12.8.6 Configuring the Replacement Compute Server

The replacement compute server does not have a host names, IP addresses, DNS, or NTP settings. This task describes how to configure the replacement compute server.

The information must be the same on all compute servers in Recovery Appliance. You can obtain the IP addresses from the DNS. You should also have a copy of the Installation Template from the initial installation.

To configure the replacement compute server:

  1. Assemble the following information:
    • Name servers

    • Time zone, such as Americas/Chicago

    • NTP servers

    • IP address information for the management network

    • IP address information for the client access network

    • IP address information for the InfiniBand network

    • Canonical host name

    • Default gateway

  2. Power on the replacement compute server.

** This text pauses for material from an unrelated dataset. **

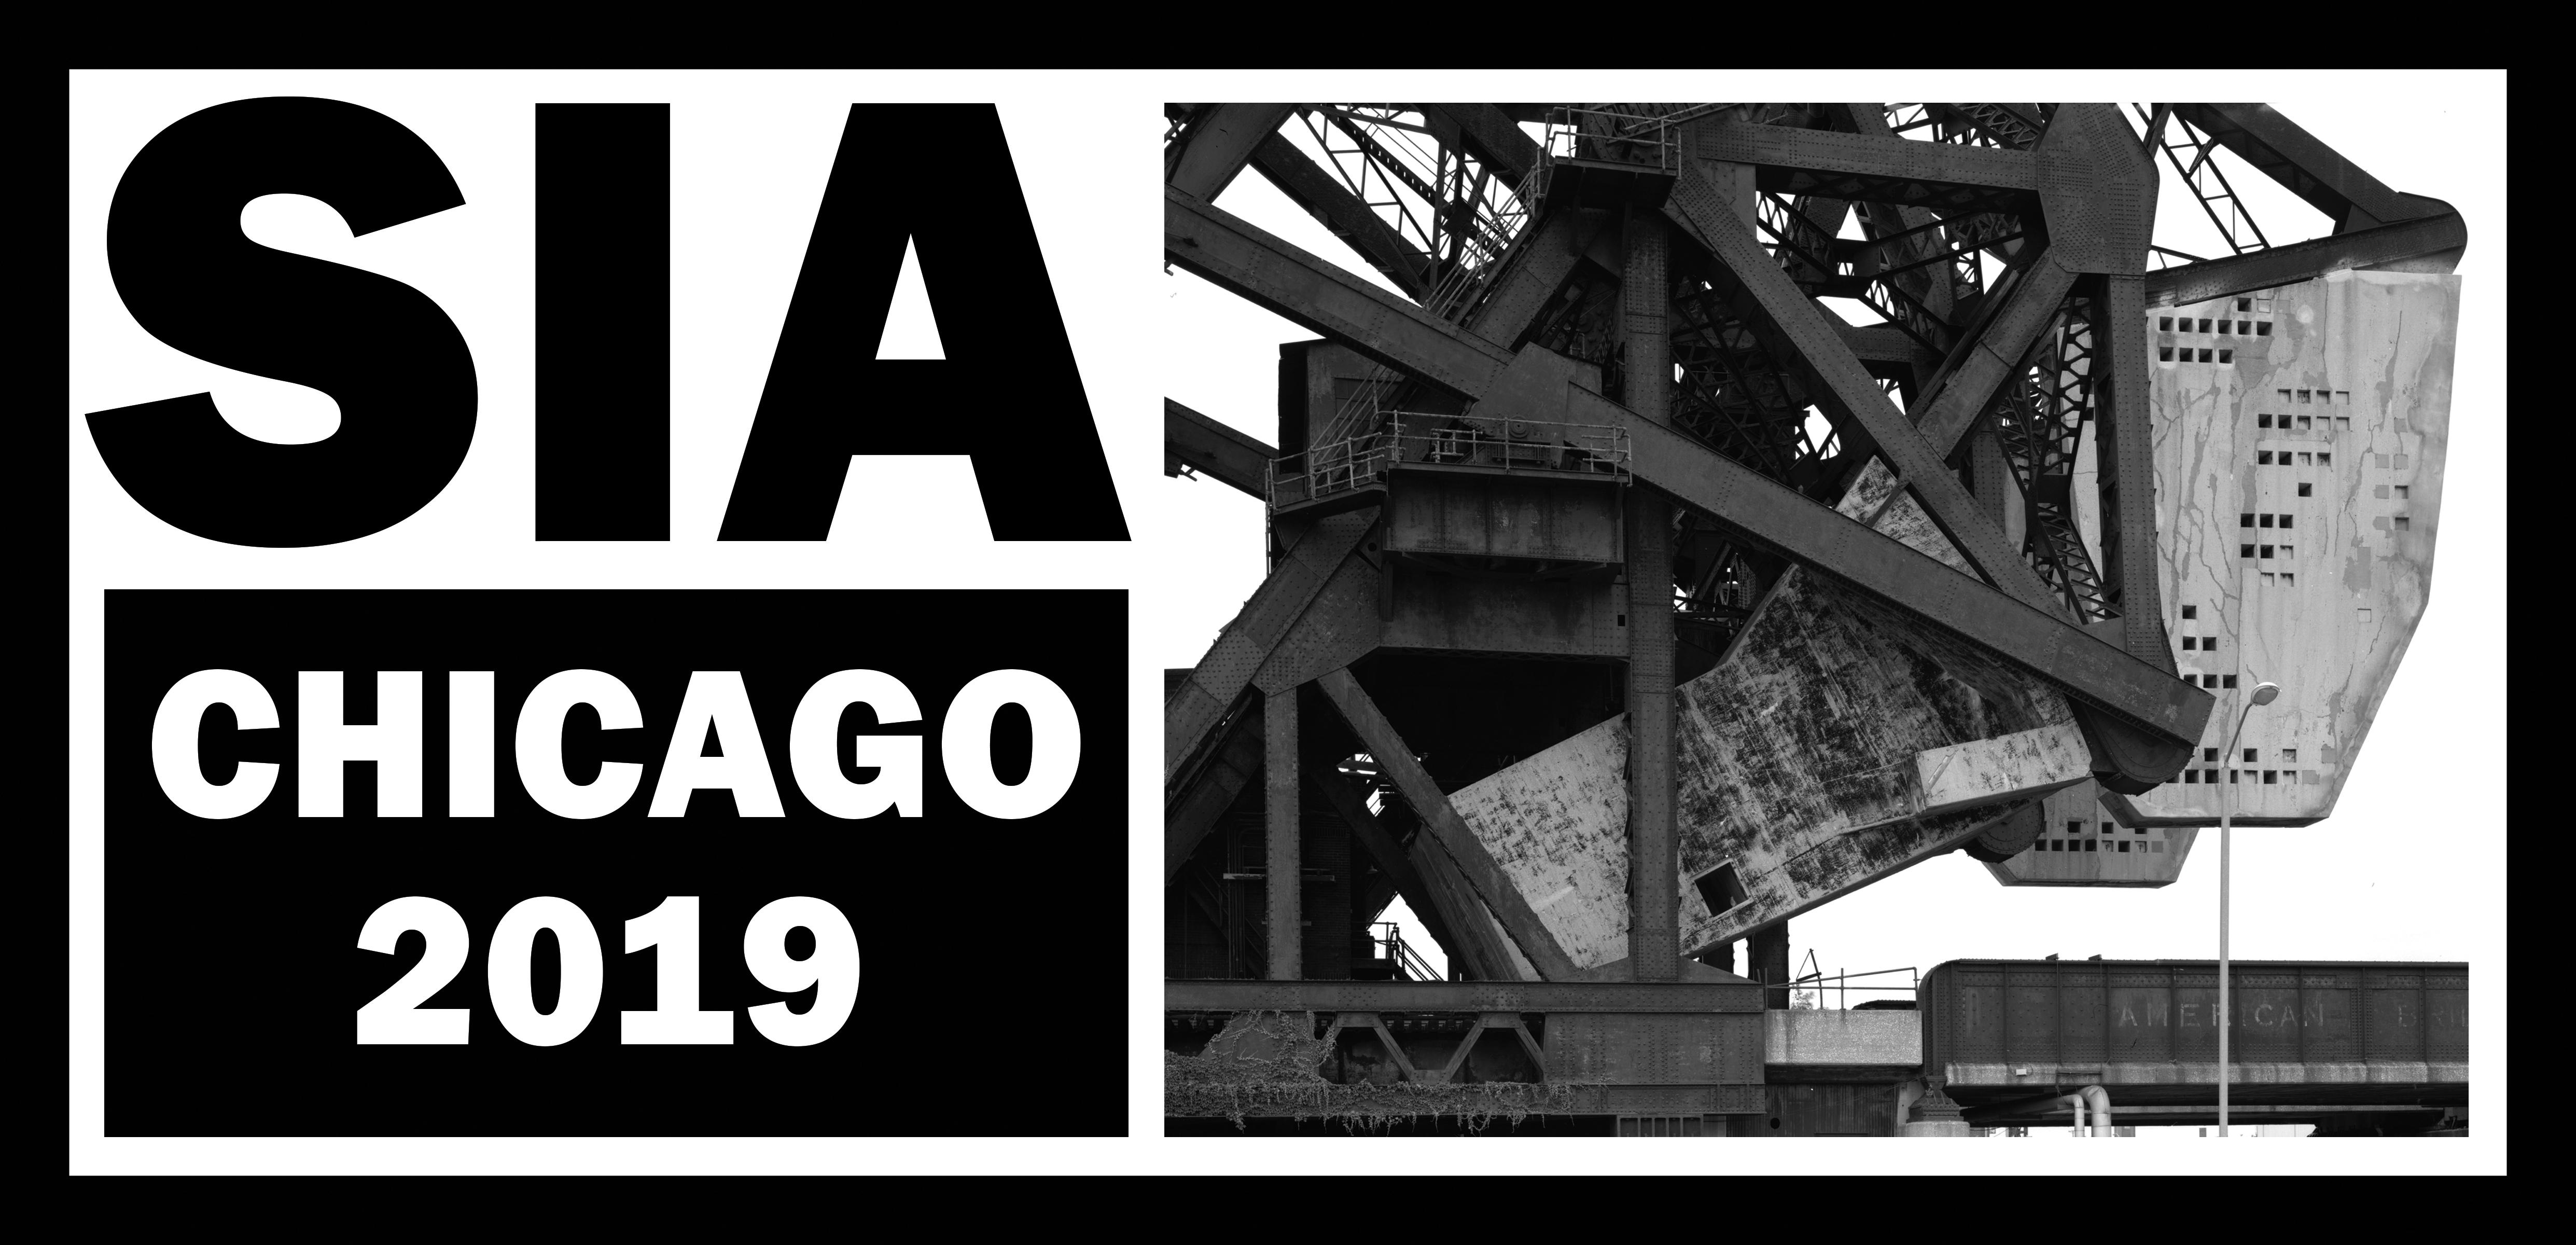 sia chicago 2019 � hotel amp travel information

When the system starts, it automatically runs the configuration script and prompts for information.
  3. Enter the information when prompted, and confirm the settings. The startup process then continues.

Note:

  • If the compute server does not use all network interfaces, then the configuration process stops with a warning that some network interfaces are disconnected. It prompts whether to retry the discovery process. Respond with yes or no, as appropriate for the environment.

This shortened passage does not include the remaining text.